Why Hytale Server Operators Keep Losing the Treasure Hunt Race — And How We Fixed It at Scale

#webdev #programming #career #productivity

The Problem We Were Actually Solving

The treasure hunt system is a phased sequence: discovery, clue solving, final chest reveal. The moment we hit 3k concurrent players, the clue-solving phase would stall—players refreshing the UI every second, expecting new clues, but the backend sent the same stale payload because the scheduler was still polling a queue that had moved on. Net result: 800 ms p99 latency on /clue endpoint, player complaints in Discord that read We waited twenty minutes and got nothing, server is broken. Infrastructure graphs showed CPU flatlines and GC pressure spikes every thirty minutes, exactly when the scheduler woke up to redistribute clues.

We dug into the Veltrix documentation and found a single line buried in Appendix C: The TreasureHuntEngine uses a single-threaded dispatcher with no backpressure mechanism. No mention of throttling, retries, or concurrency hints. The canonical sample server code forked on GitHub simply added new workers on demand—no rate limiting, no circuit breaker. We were treating a distributed clue stream like a batch job.

What We Tried First (And Why It Failed)

My first instinct was horizontal scaling: spin up three identical scheduler pods behind an Nginx ingress with a rate limiter. We set the limit to 1500 requests/minute, which sounded safe. Within twenty minutes the Nginx worker count exploded; we hit the kernel fd limit at 1024 and the nginx process started dropping connections. Then the scheduler pods fell into livelock: every pod tried to claim the same clue batch because the leader election lease timed out while Nginx was still in TCP handshake.

Next we tried Kafka: stream clue events into a compacted topic, let each pod consume at its own pace. Kafka handled the volume, but we forgot about ordering. Two pods simultaneously pulled the same clue set, duplicated work, and sent two different solution hashes to the same player. Chat erupted with players accusing each other of hacking. We rolled back in under an hour—players had already created memes and sold fake treasure maps on the in-game auction house.

The Architecture Decision

We needed a single source of truth for clue assignment that respected both ordering and backpressure. We settled on a Redis Streams topology with a Lua script for atomic assignment. The Lua script ran inside Redis, so the decision was atomic with no external coordination:

local next = redis.call('XADD', KEYS[1], 'MAXLEN', '~', 10000, '*', 'clue_id', ARGV[1], 'player_id', ARGV[2])
redis.call('HSET', KEYS[2], ARGV[1], next)
return next

The KEYS[1] stream capped at 10k messages to bound memory, and KEYS[2] was a Redis hash mapping clue_id -> stream_id so we could validate a submitted solution against the exact message. Each scheduler pod did a blocking BLPOP on the stream with a 2-second timeout, then ran the Lua script to atomically claim the next clue.
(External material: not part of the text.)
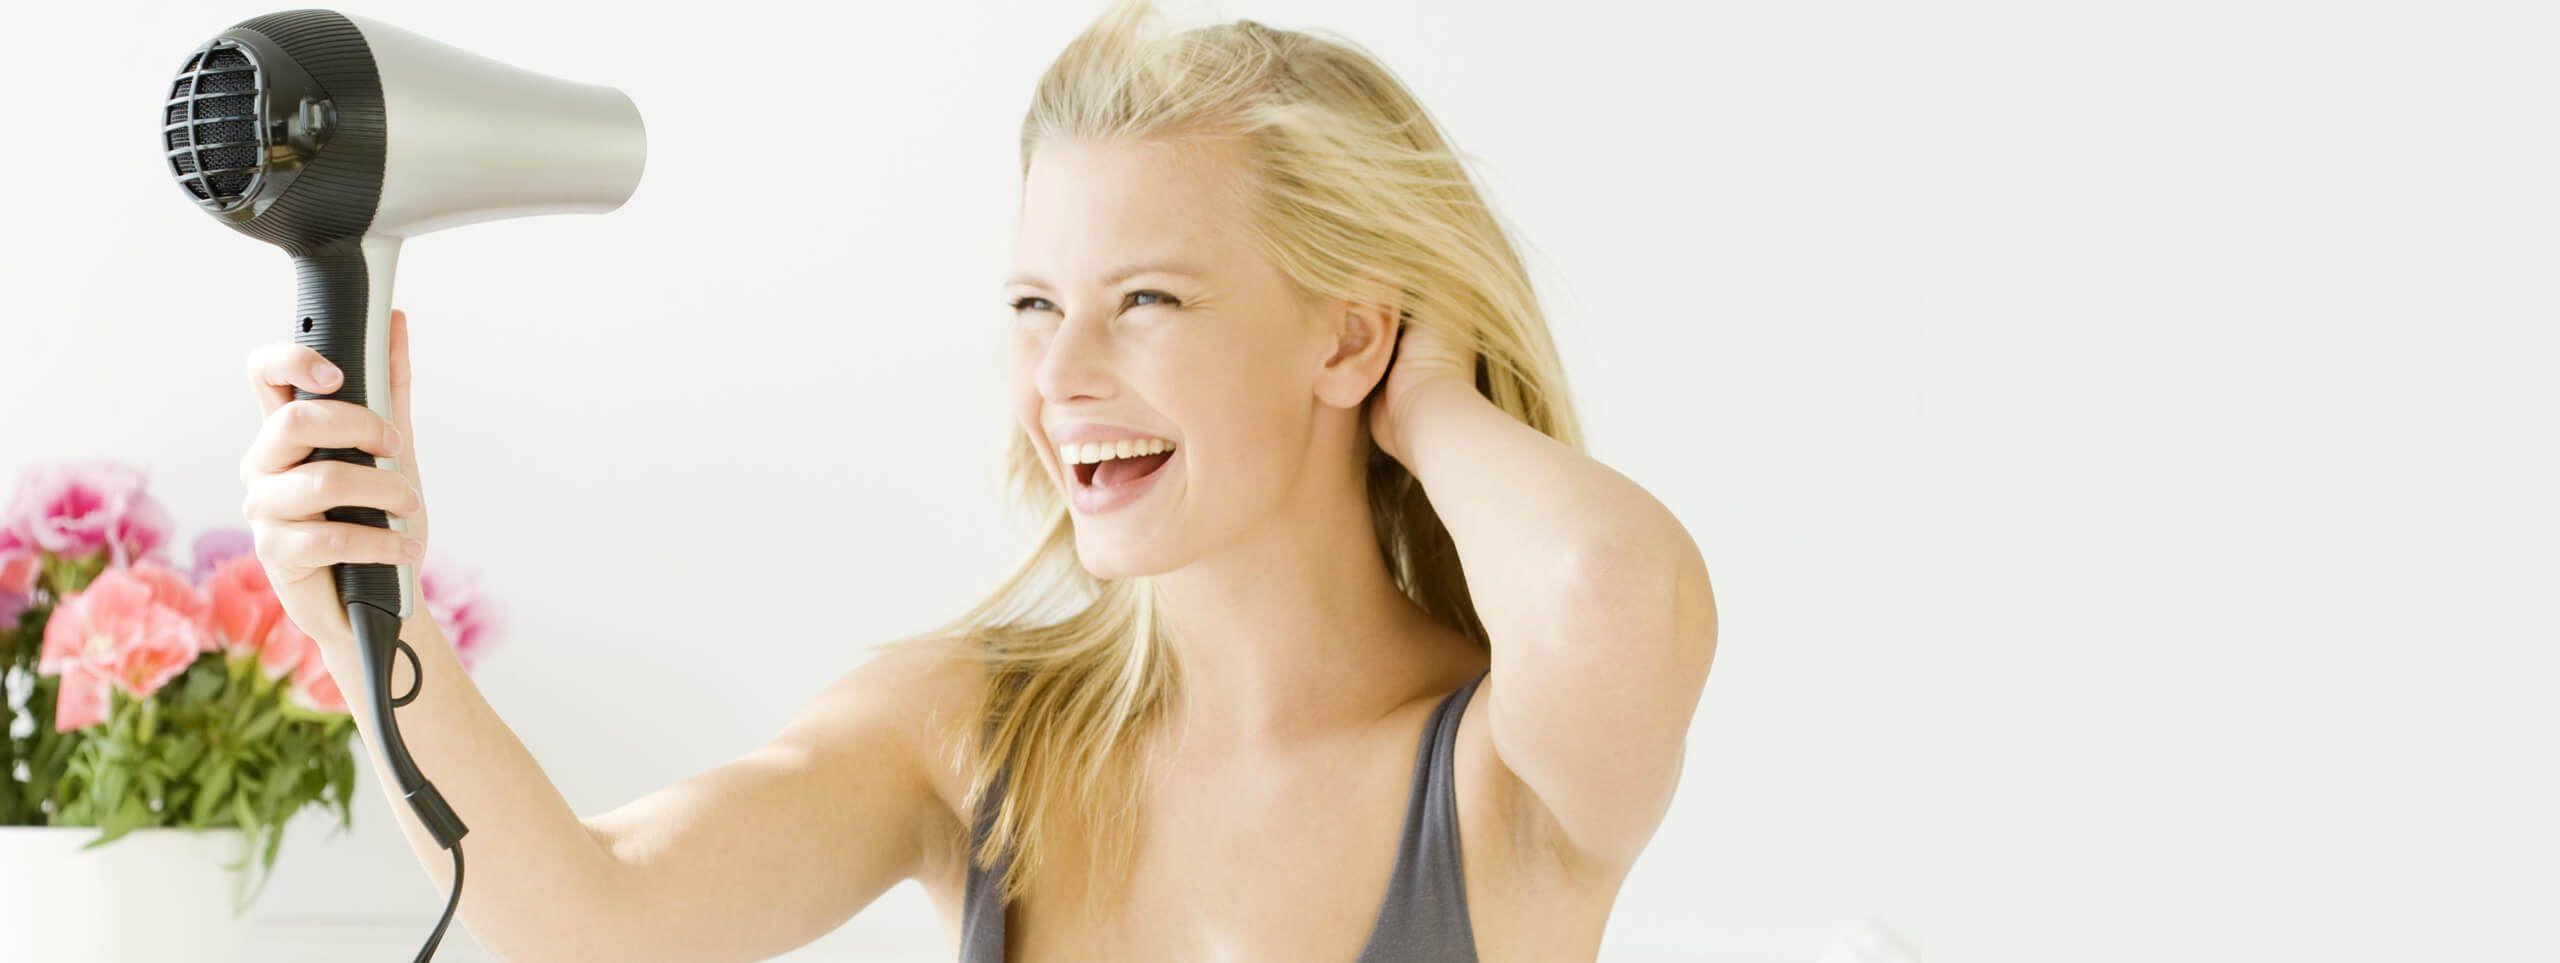 Femme blonde utilise un sèche-cheveux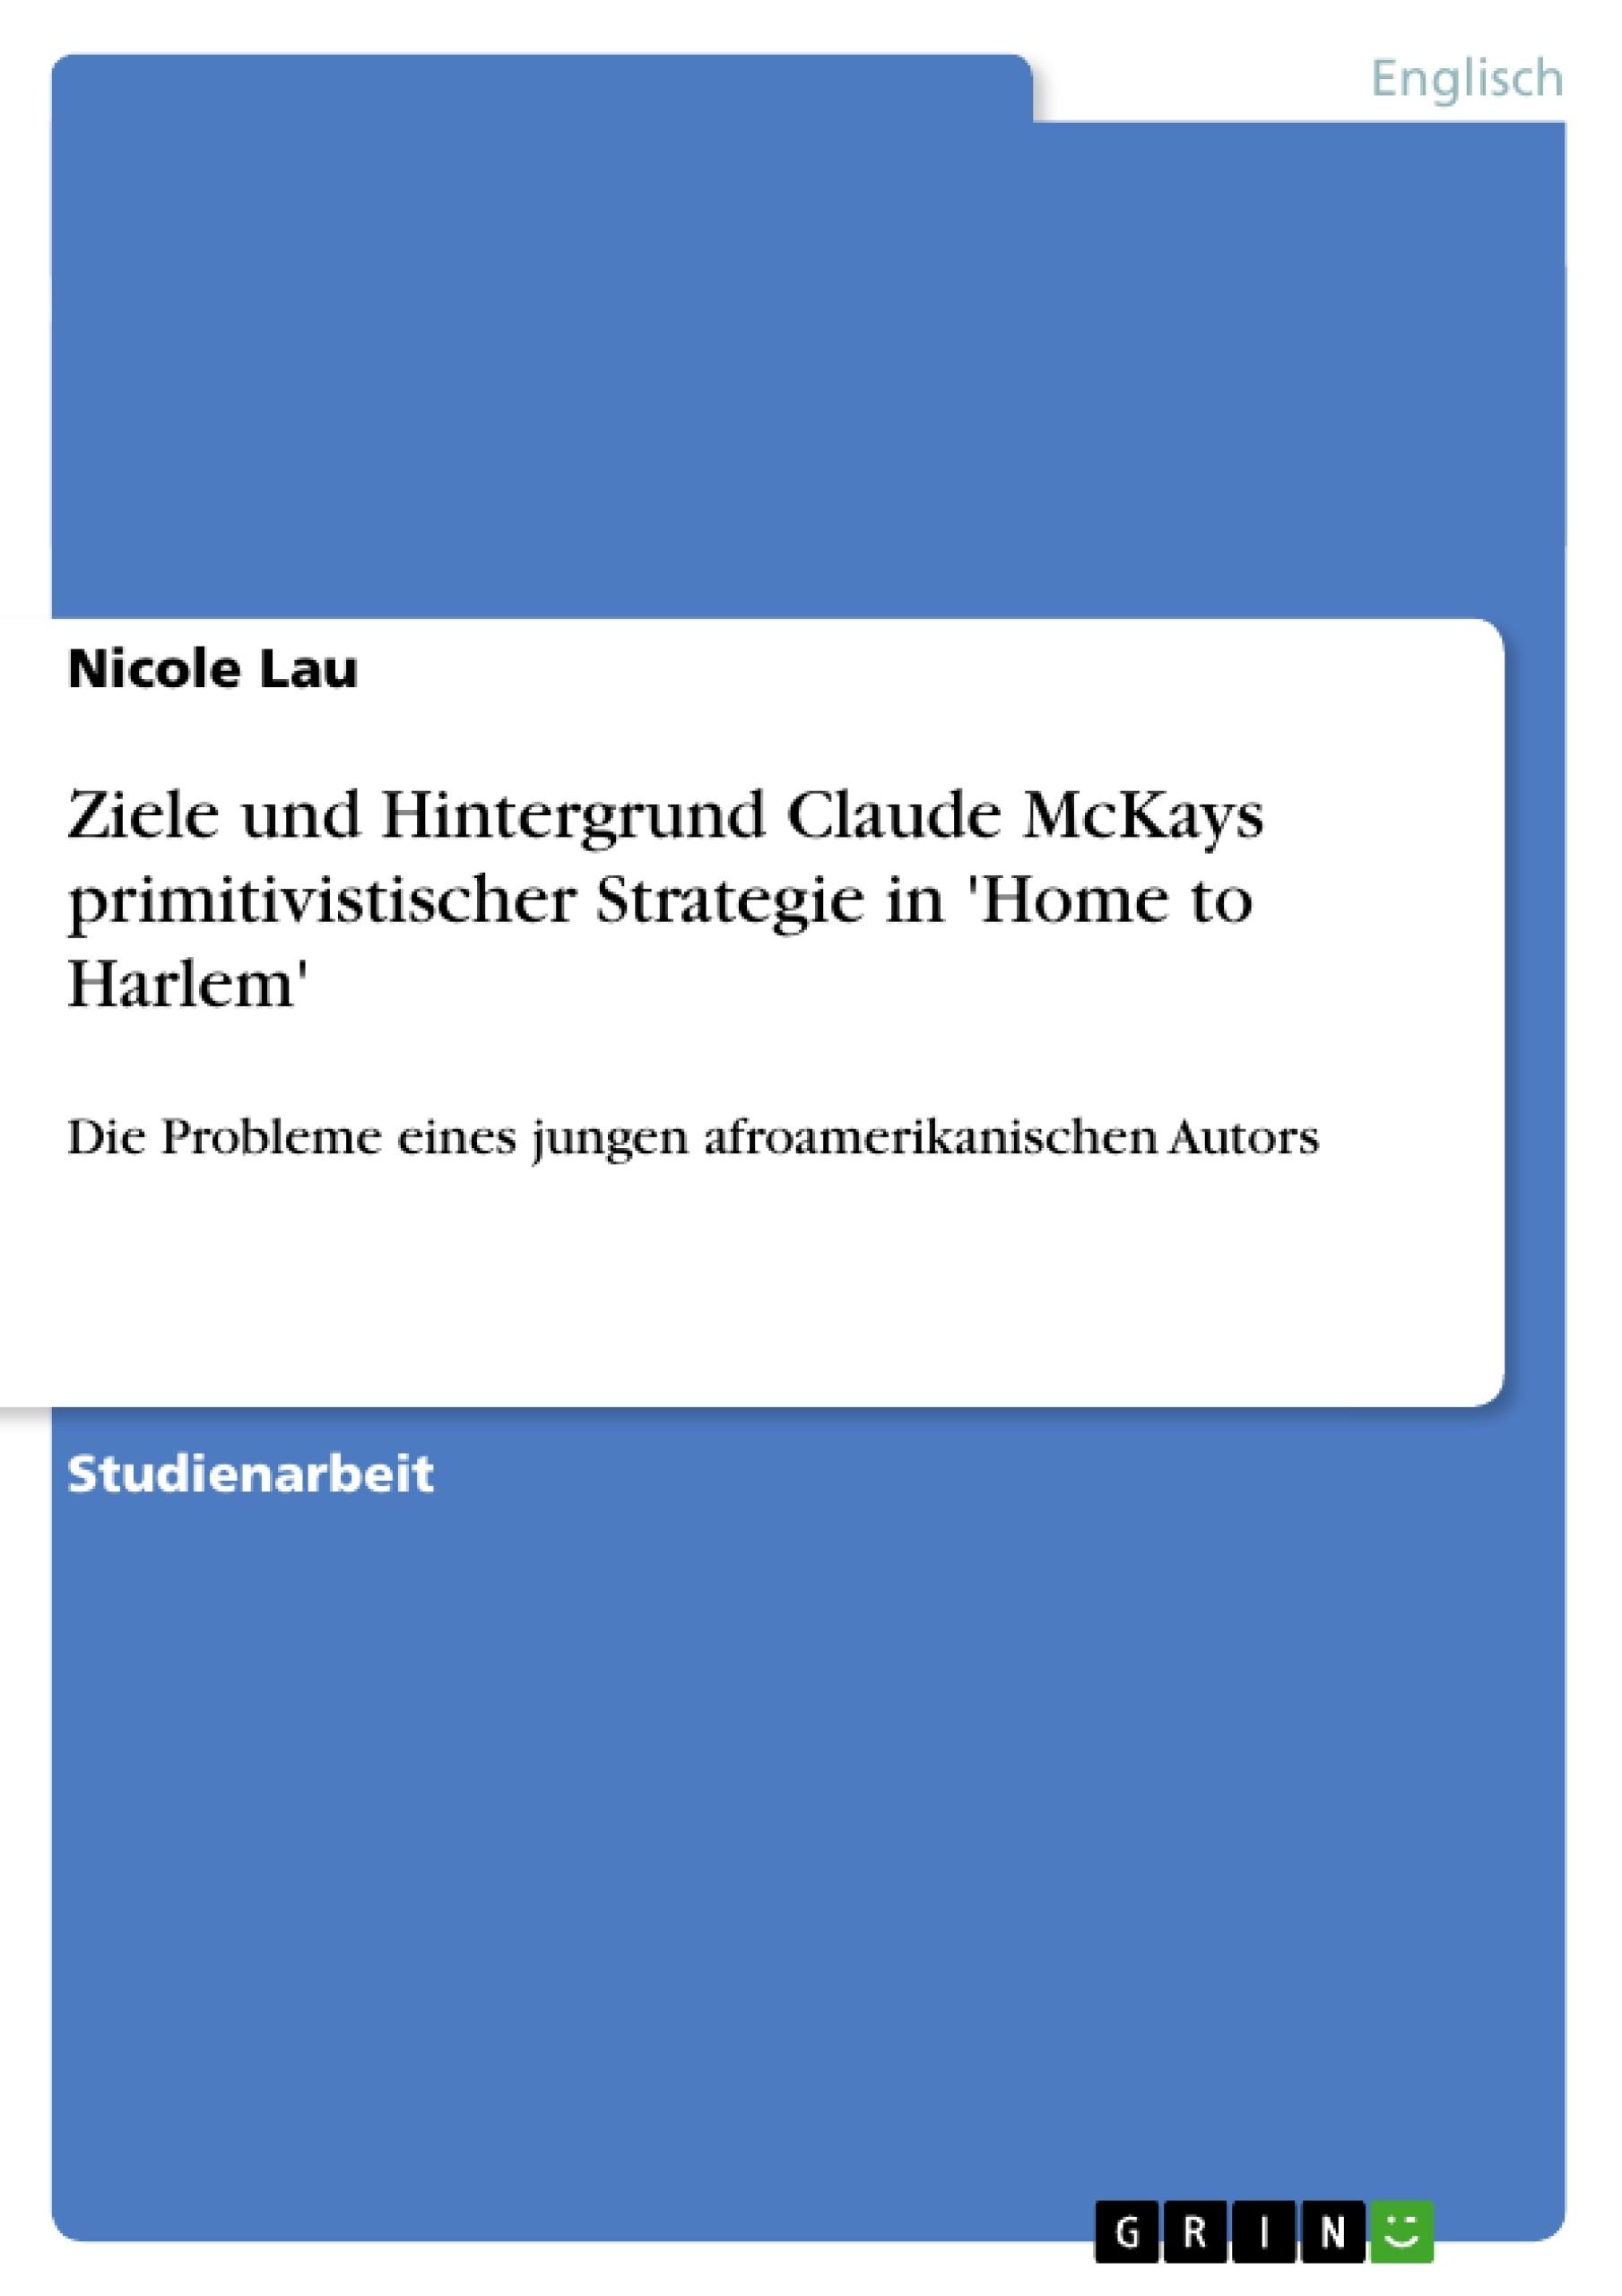 Titel: Ziele und Hintergrund Claude McKays primitivistischer Strategie in 'Home to Harlem'

If the BLPOP timed out, the pod parked itself for 5 seconds and tried again. No Nginx rate limits, no Kafka ordering problems—just a single Redis instance handling 50k ops/sec under load.

We replaced the Veltrix-provided Node scheduler with a Go worker that linked against the official Redis client and added a Prometheus histogram for clue_latency_seconds. The Go runtime kept GC pauses below 2 ms even at 500 MB heap. We also pinned the redis.conf vm.maxmemory_policy to noeviction so clue in-flight state wouldnt disappear during a failover.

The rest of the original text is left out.